Quando paramos para pensar a respeito das diretrizes que sustentam a ideologia católica, a constatação é uma só: como pode grande parte da humanidade acreditar em tamanhos absurdos, ou mesmo despautérios. Só rindo mesmo. Essa é a tônica do novo livro do escritor português José Saramago, “Caim”. Se não leu, leia. É fininho.
A obra tem como ponto de partida a criação de Deus cujo título é Adão e Eva. E toda aquela ladainha a respeito de terem comido o fruto proibido. Mas, já começa aí o humor ácido do escritor a partir da boca de Eva: Se é proibido, por que o colocou aqui? “Sabendo que íamos comer do fruto proibido”.
Assim, Adão e Eva são expulsos do paraíso. Uma forte melancolia se abate sobre os dois. Aqui Adão é um preguiçoso e machista, enquanto Eva é a representação da mulher libertária e que não tolera maus tratos do companheiro. Adão fica a reclamar da falta de comida. Eva resolve voltar até o paraíso e fazer um acordo com o anjo que faz a guarda da entrada do paraíso.
E dá certo, pois, o anjo não concorda com a atitude raivosa do Senhor. Permite que ela entre e pegue alimentos. A vida prossegue. Adão e Eva dão a luz aos filhos Abel e Caim. Novamente a história já conhecida: Caim fica com inveja de Abel, pois a sua colheita não é reconhecida por Deus como uma grande obra. O mata com enxadadas na cabeça de Abel.
Eis que temos o primeiro grande momento do livro. Deus aparece para Caim e o questiona, “por que mataste o teu irmão”. E Caim lhe responde, “a culpa é sua”. Deus fica pensativo, “por que a culpa é minha?”. Caim explica que, se Deus tivesse gostado da plantação dele isso não teria acontecido, que foi graças a ele, Deus, que a inveja e o ódio brotaram e fizeram com que ele matasse o irmão.
Caim e Deus fazem um acordo.
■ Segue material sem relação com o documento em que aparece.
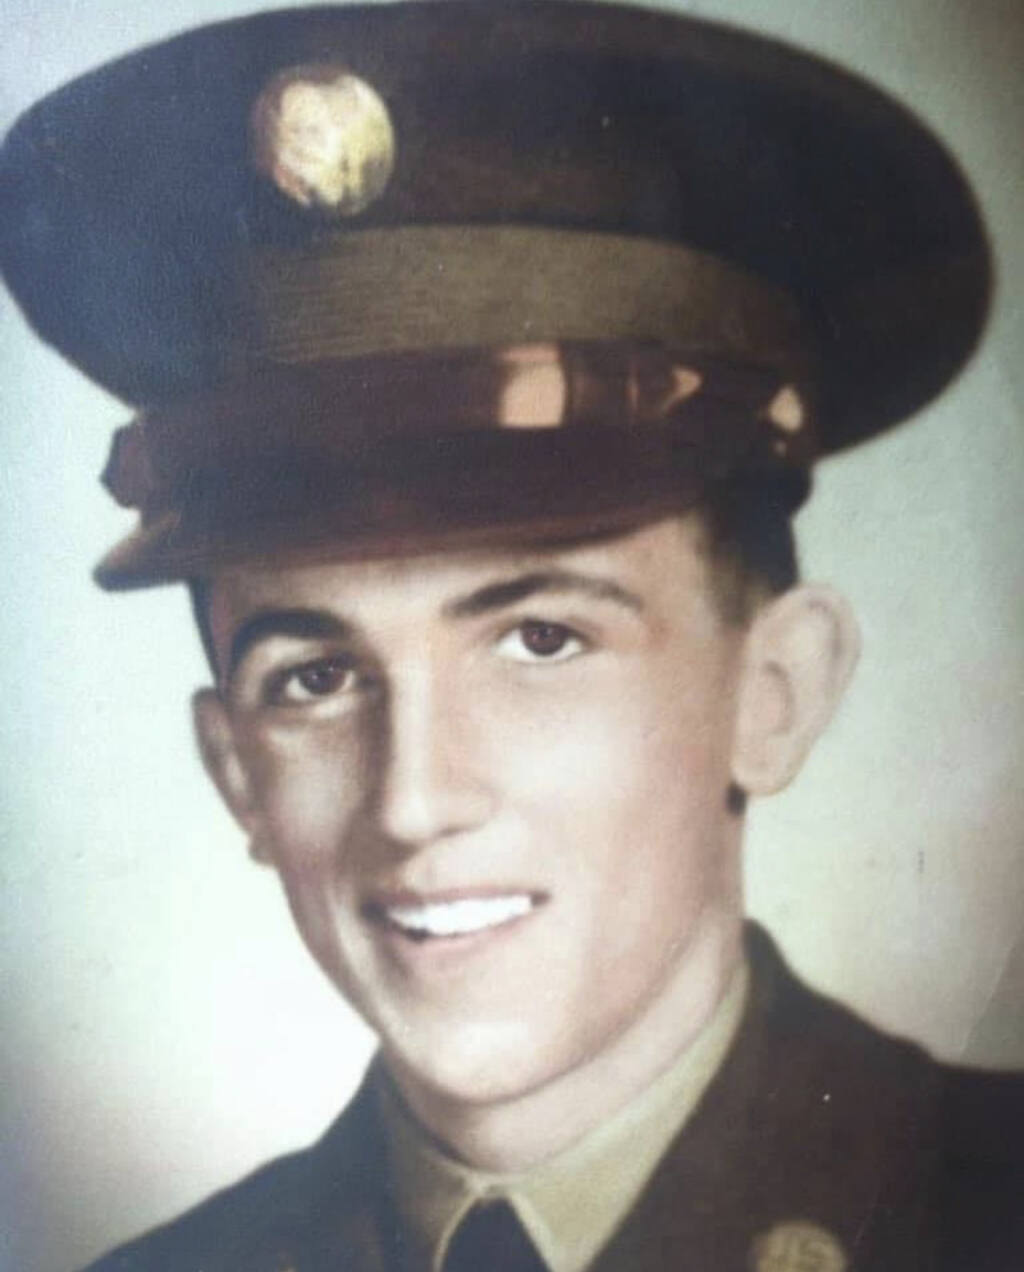 This undated photo provided by the U.S. Defense Department shows Cpl. Joseph J. Puopolo. The solider from Massachusetts who went missing during the Korean War and was later reported to have died in a prisoner of war camp has been accounted for using modern scientific techniques, military officials said. Puopolo, 19, of East Boston, was accounted for in August, according to a statement Friday, Sept. 23, 2022, from the Defense POW/MIA Accounting Agency. (U.S. Defense Department via AP)
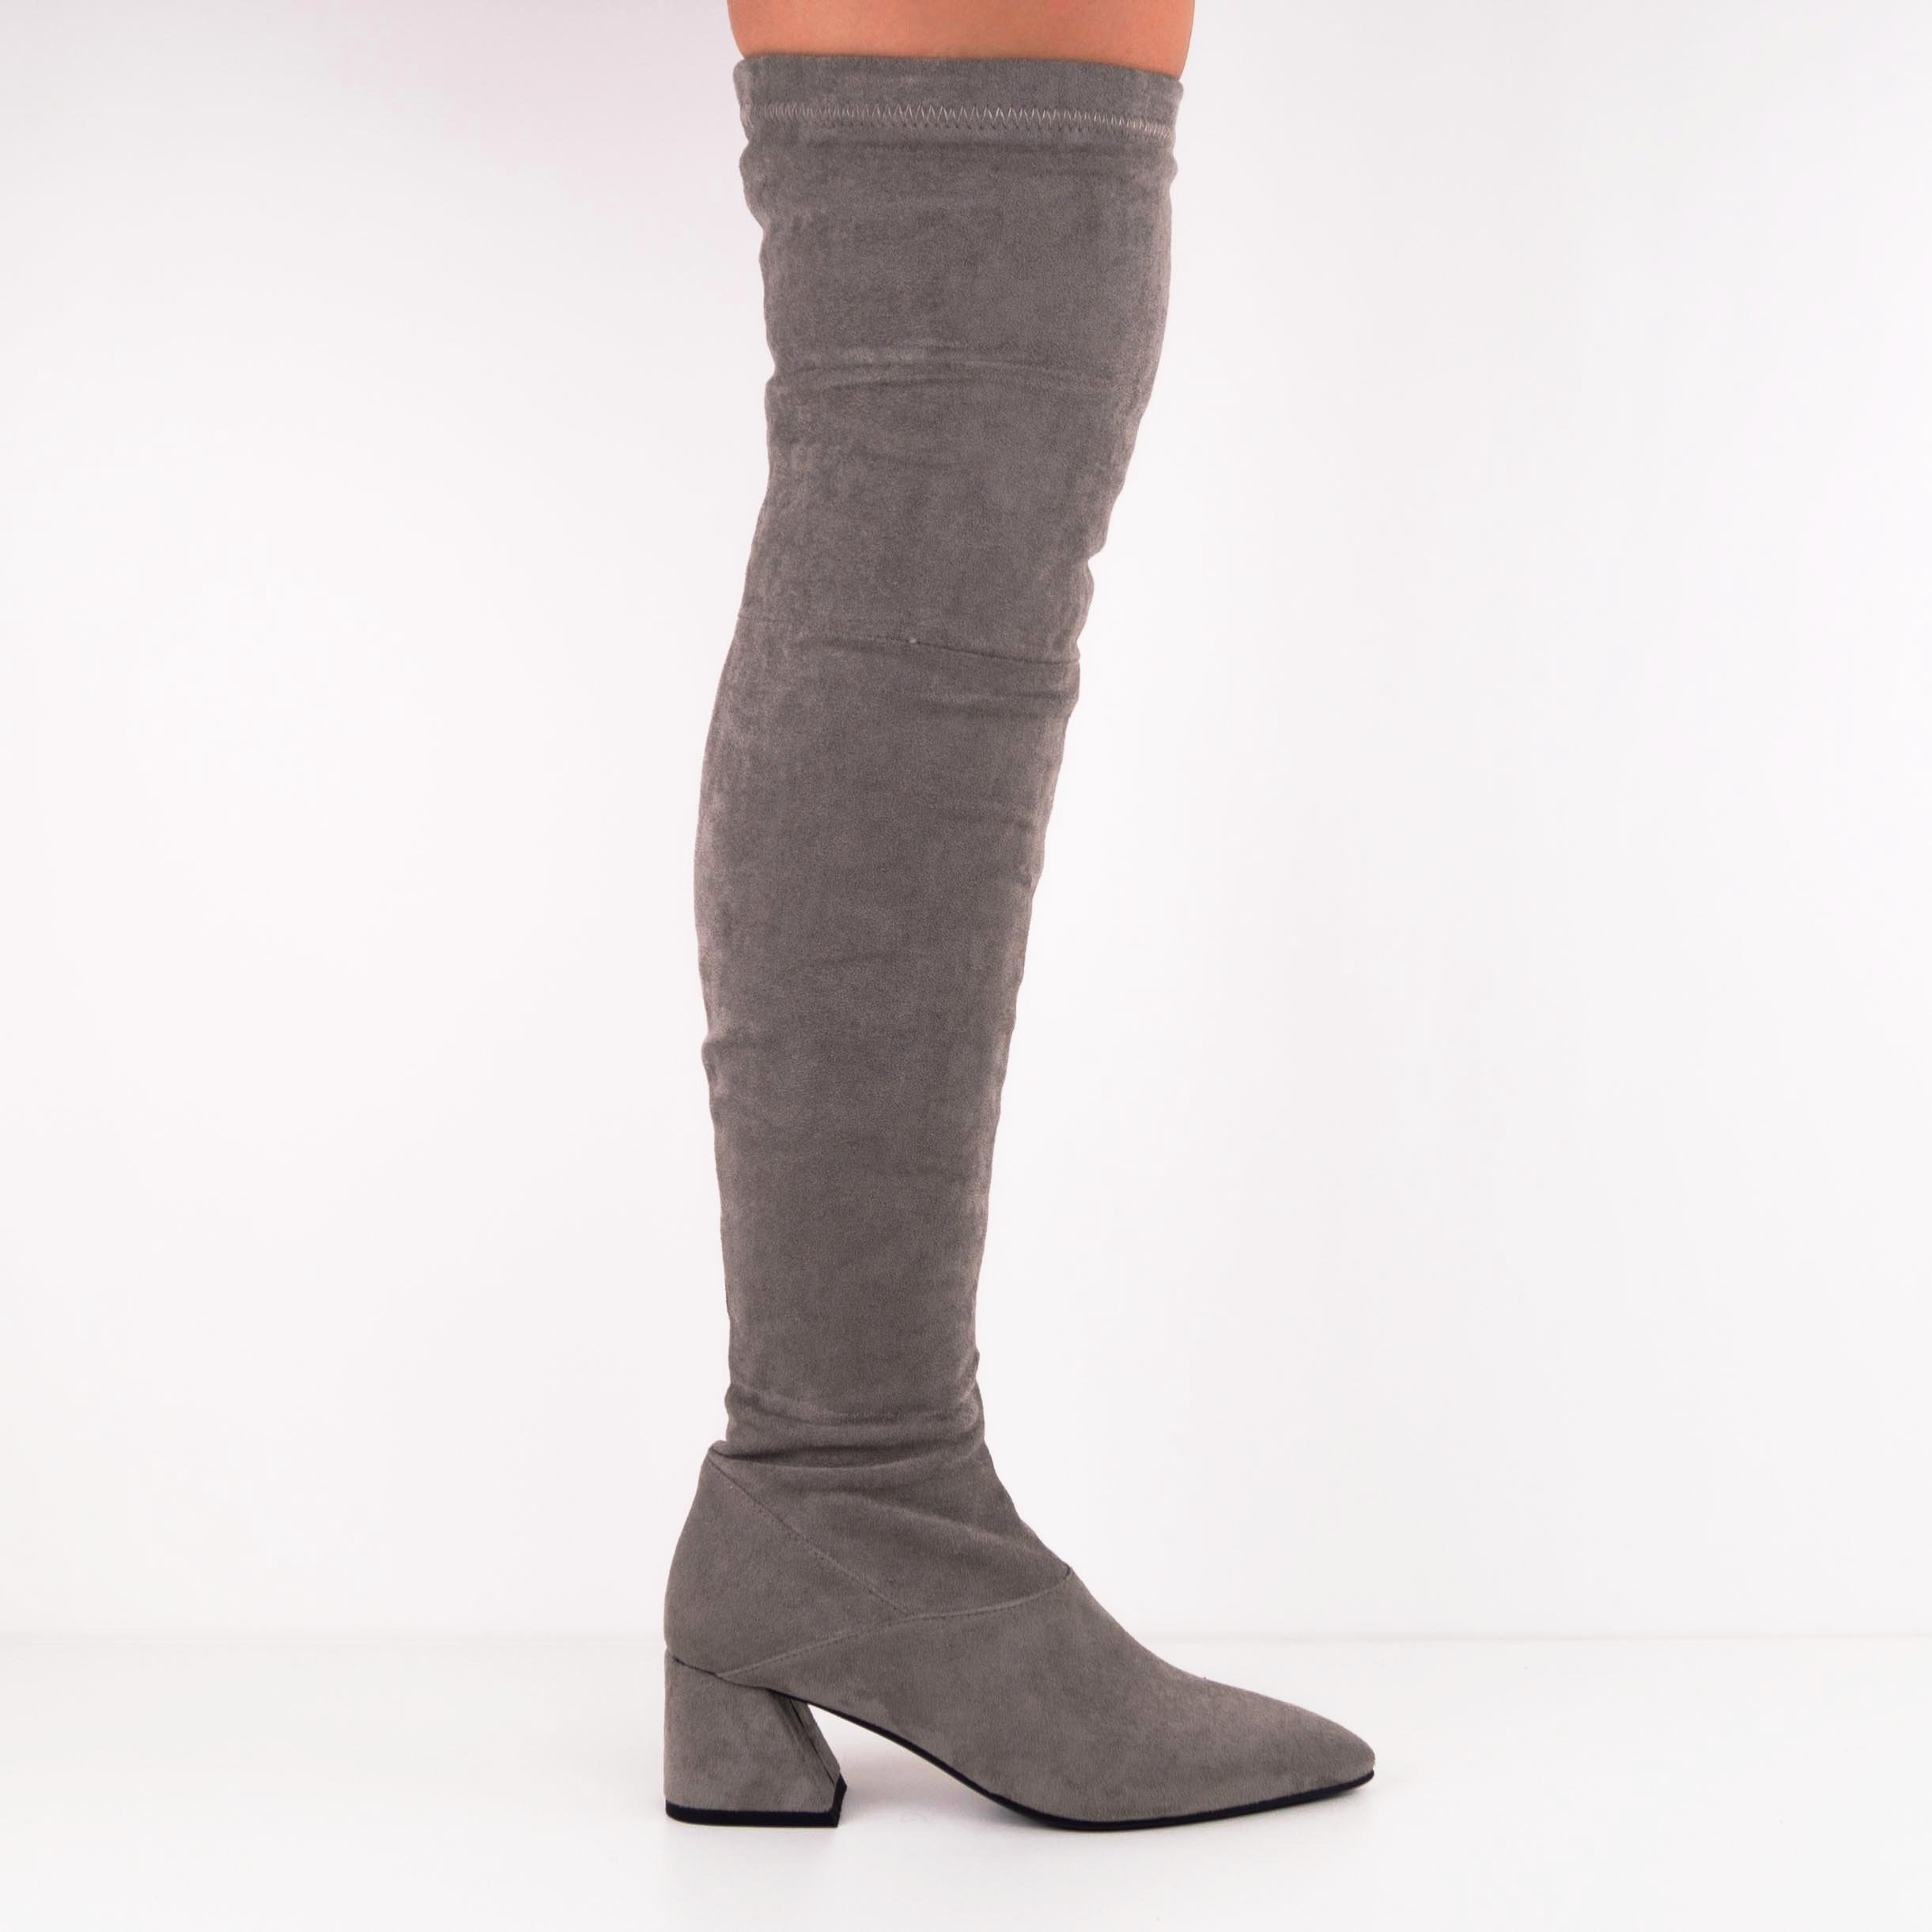 FAITH Suede Over-the-knee Boots with

O senhor assume que tem meia culpa pela morte de Abel,mas, para não castigar Caim propõem um acordo entre eles: eu lhe protejo, mas você não irá contar a ninguém sobre o nosso trato. Assim Caim cai no mundo e se torna andarilho. A partir acompanharemos a partir da perspectiva do filho de Adão e Eva a (RE) constituição dos fatos bíblicos até a arca de Noé.
E quem é Deus, o Senhor? Segundo Caim um ser que adora guerra e rancoroso. Por exemplo, na passagem de Abraão. Deus quer que ele prove a sua fé, para isso terá de matar o filho. Caim impede e questiona: “É assim que você quer que ele prove que tem fé?”. E diz a Abraão: “Só um grande filho da puta pediria a alguém para sacrificar o filho como prova de fé”.
Outra parte emblemática e que diz respeito a nós bichas é a respeito da destruição de Sodoma e Gomorra. Deus fica boquiaberto ao descobri que homens se deitam com homens e por conta disso resolve que Sodoma e Gomorra devem ser destruídas. Caim questiona, “se Deus é algo tem grande e tão bom, por que está preocupado com o que as pessoas fazem dentro de suas casas, isso é problema delas”.
Muito bom também é maneira como Saramago resolve explicar as desgraças que se abatem sobre a humanidade. Tudo não passa de um acordo entre Satã e Deus. Satã vive a provocar Deus e lhe dizer que os humanos não têm tanta fé. Com isso Deus permite que Satã venha a terra e provoque a fé de sua criação… Enfim, eles selam um acordo sem prazo de término.
O livro “Caim” é uma grande alegoria que o escritor Saramago construiu para criticar os valores da igreja católica. Algo que ele já havia feito magistralmente com “O evangelho segundo Jesus Cristo”. Com alta dose de ironia ele mostra como as histórias católicas são inverossímeis e desafiam qualquer bom senso da vida.
Para finalizar, algumas perguntas: como Noé fazia para limpar toda porcaria que os animais faziam em seu barco? Como este chegou até o mar? E que tipo de remo era usado para um barco daquele tamanho?